The resolution’s evaluation of the PRC’s history includes an assessment of the People’s Liberation Army, which it says “has been through an all-around revolutionary restructuring in preparation for the next stage, while our defense capabilities have grown in step with our economic strength.”

“Our people’s military, firmly carrying out the missions of the new era, has taken concrete actions to safeguard our national sovereignty, security, and development interests with an indomitable fighting spirit.”

On one of the most sensitive areas of dispute between Beijing and the West – mass-scale atrocities against Uyghurs and other minority Muslim in Xinjiang – the resolution is silent.

It does refer to two other major issues of contention – the strangling of democracy in Hong Kong and the continuing standoff between the PRC and Taiwan.

The text says the CCP central committee has adopted “measures to address both symptoms and root causes of relevant issues” in Hong Kong and is enforcing the principle that Hong Kong “should be governed by patriots.”

“These moves have helped to restore order in Hong Kong and ensure a turn for the better in the region.”

On Taiwan, the resolution states, “We firmly oppose separatist activities seeking Taiwan independence. We firmly oppose foreign interference.”

The resolution also highlights China’s striking advances in international diplomacy, alluding to its growing influence at the United Nations and other multilateral forums.

“China has broken new ground in its diplomatic endeavors amid profound global changes and turned crises into opportunities amid complex situations on the international stage,” it says.

“These efforts have resulted in a marked increase in China’s international influence, appeal, and power to shape.”

As a result of the CCP’s endeavors, it says, the Chinese people “have been freed from bullying, oppression, and subjugation.”

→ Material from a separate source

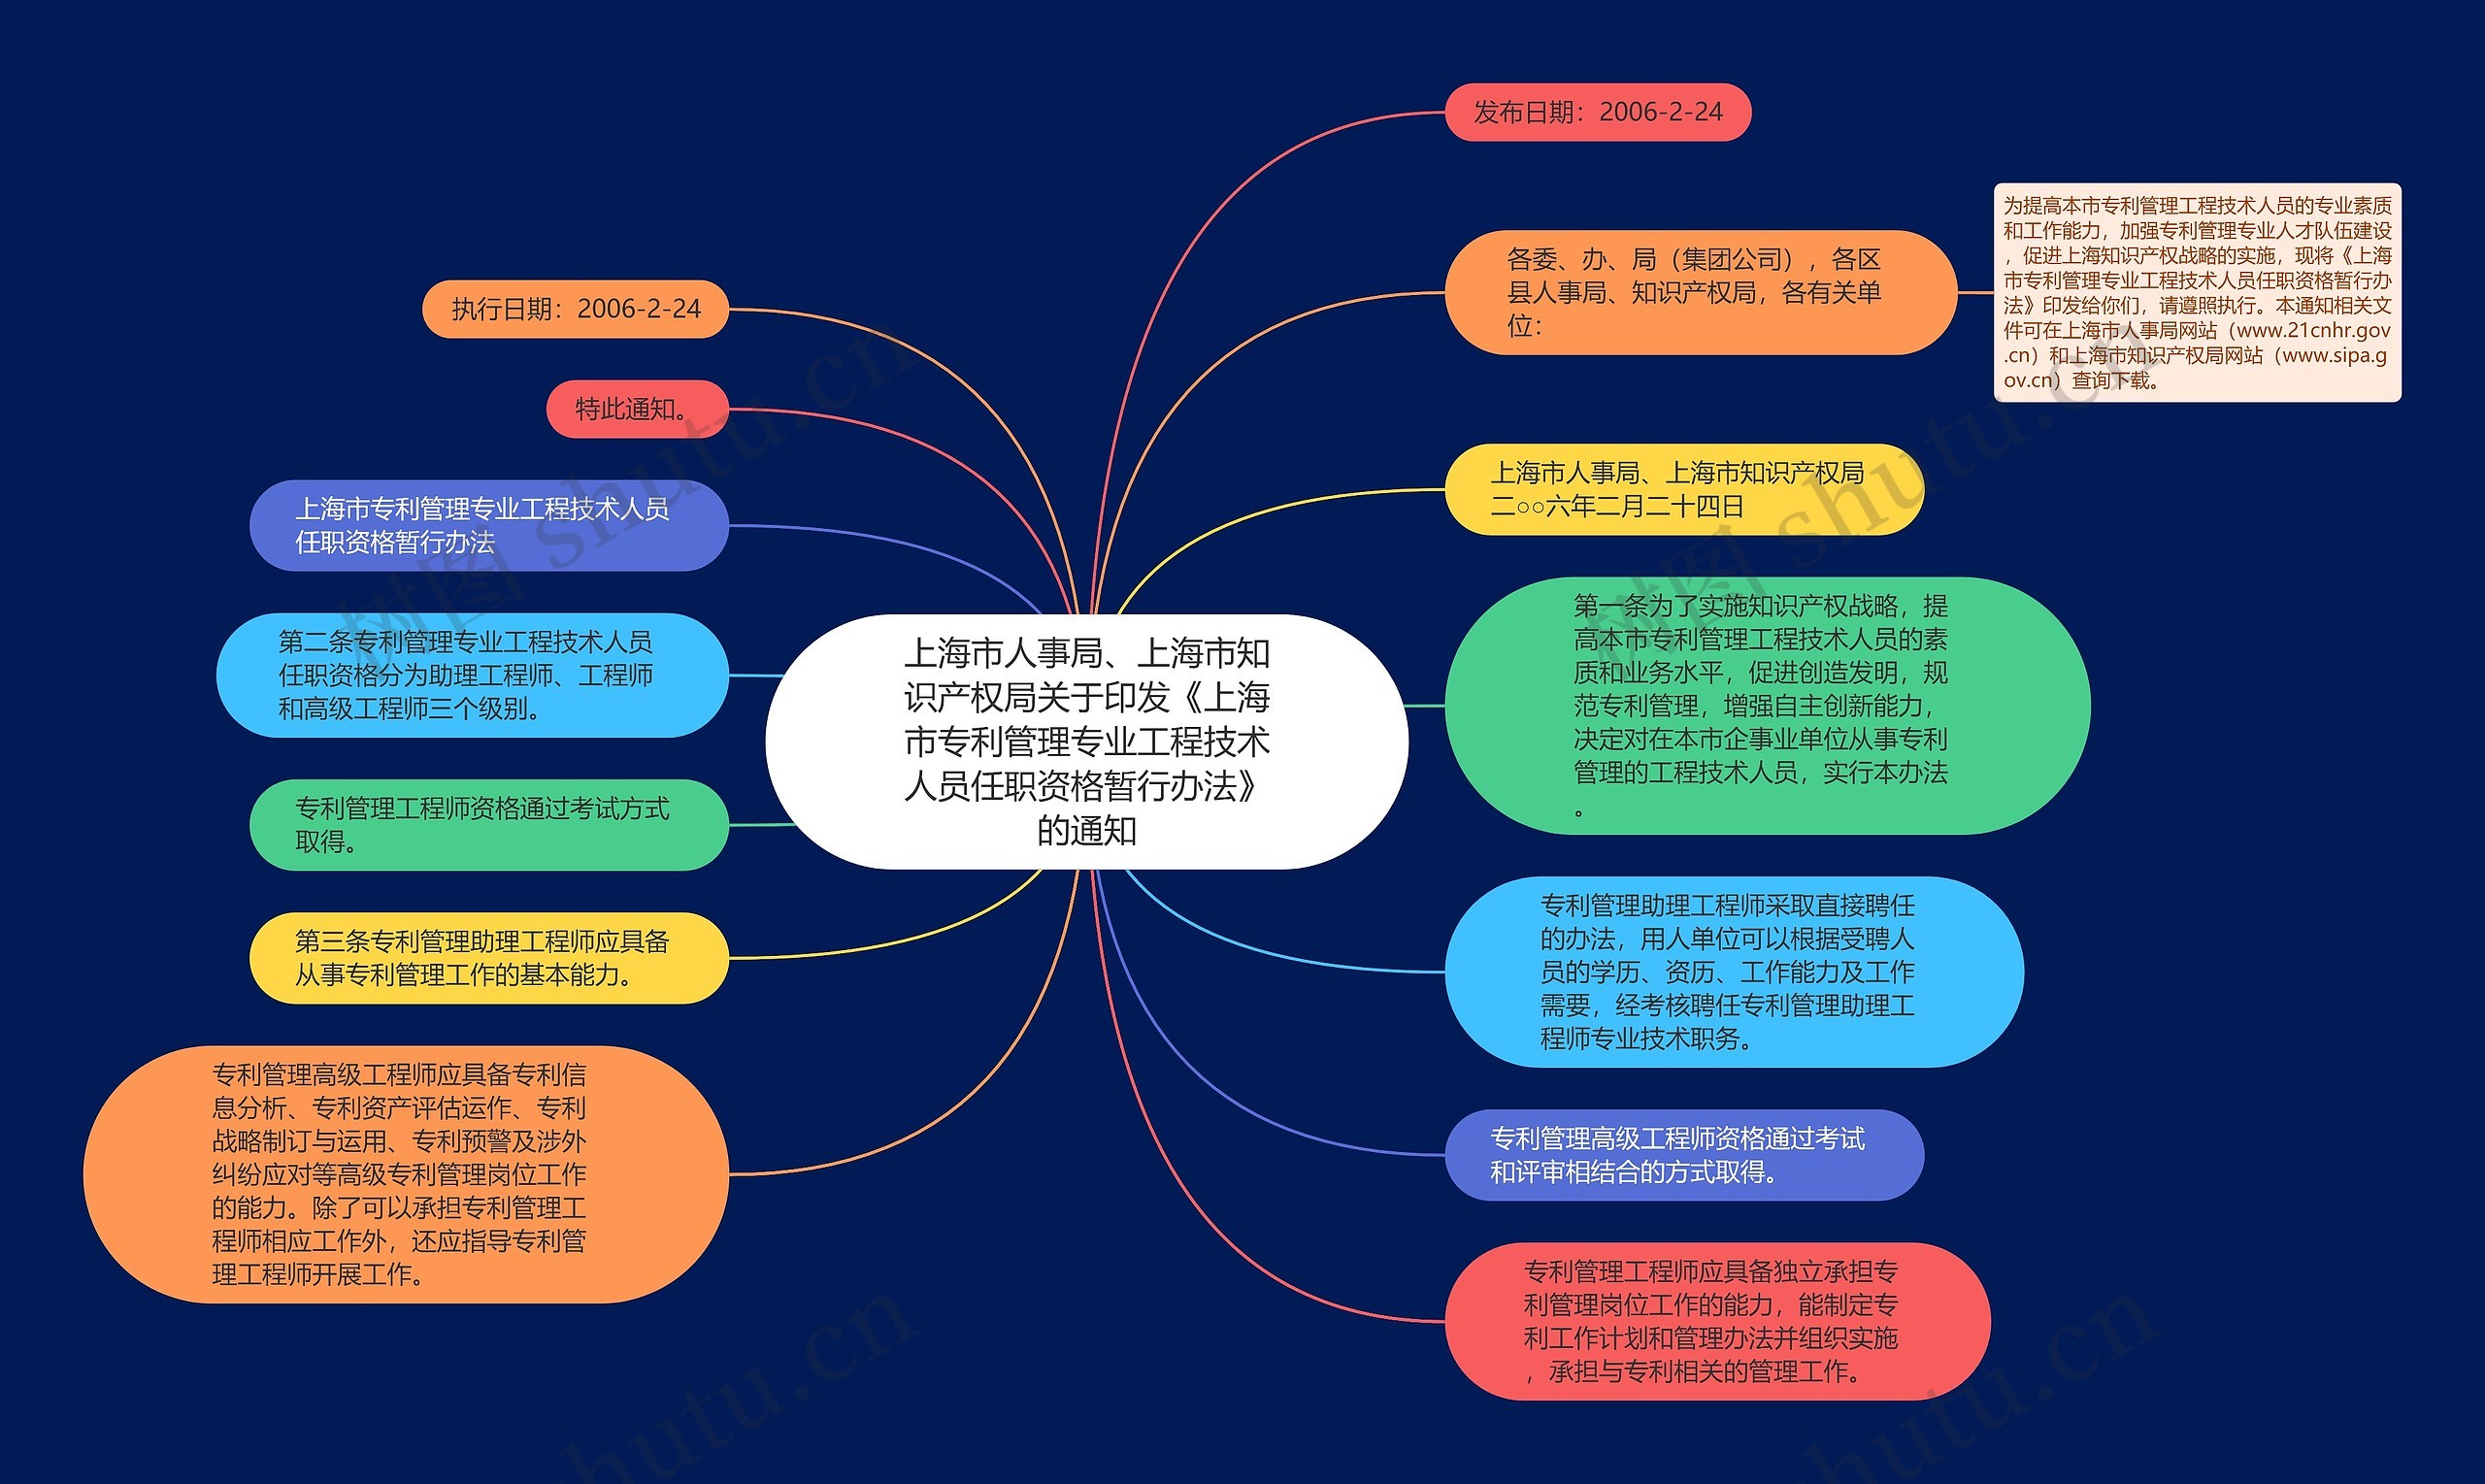 上海市人事局、上海市知识产权局关于印发《上海市专利管理专业工程技术人员任职资格暂行办法》的通知思维导图
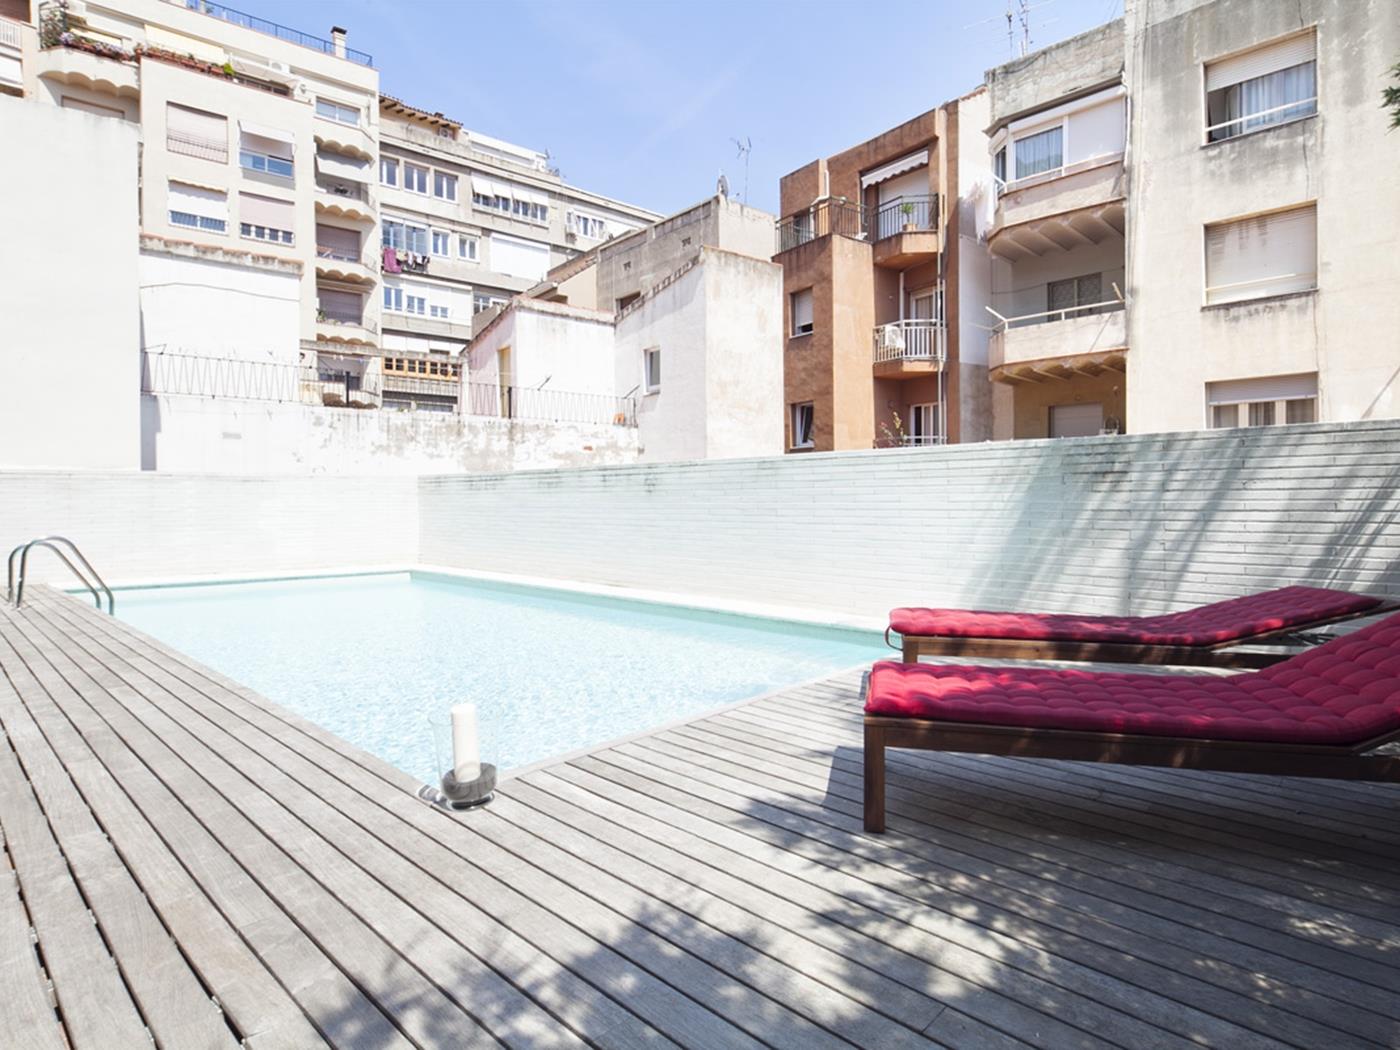 غراسيا شقة علوية مع تراس وحمام سباحة - My Space Barcelona شقة

The rare “resolution on history” comes a year before the CCP holds its 20th National Congress – they are held once every five years – which is expected to formalize a third term for Xi.

From 1982 until 2018, presidents could not serve more than two consecutive terms, but the term limits were abolished that year, shortly after Xi’s “socialism with Chinese characteristics” philosophy was enshrined into the party – and later, the national – constitution.

Jiang and Hu were president for 10 years each, and Deng served for 11 years as China’s paramount leader.

Xi, who is 68, looks set to retain his “core” position at the helm for considerably longer.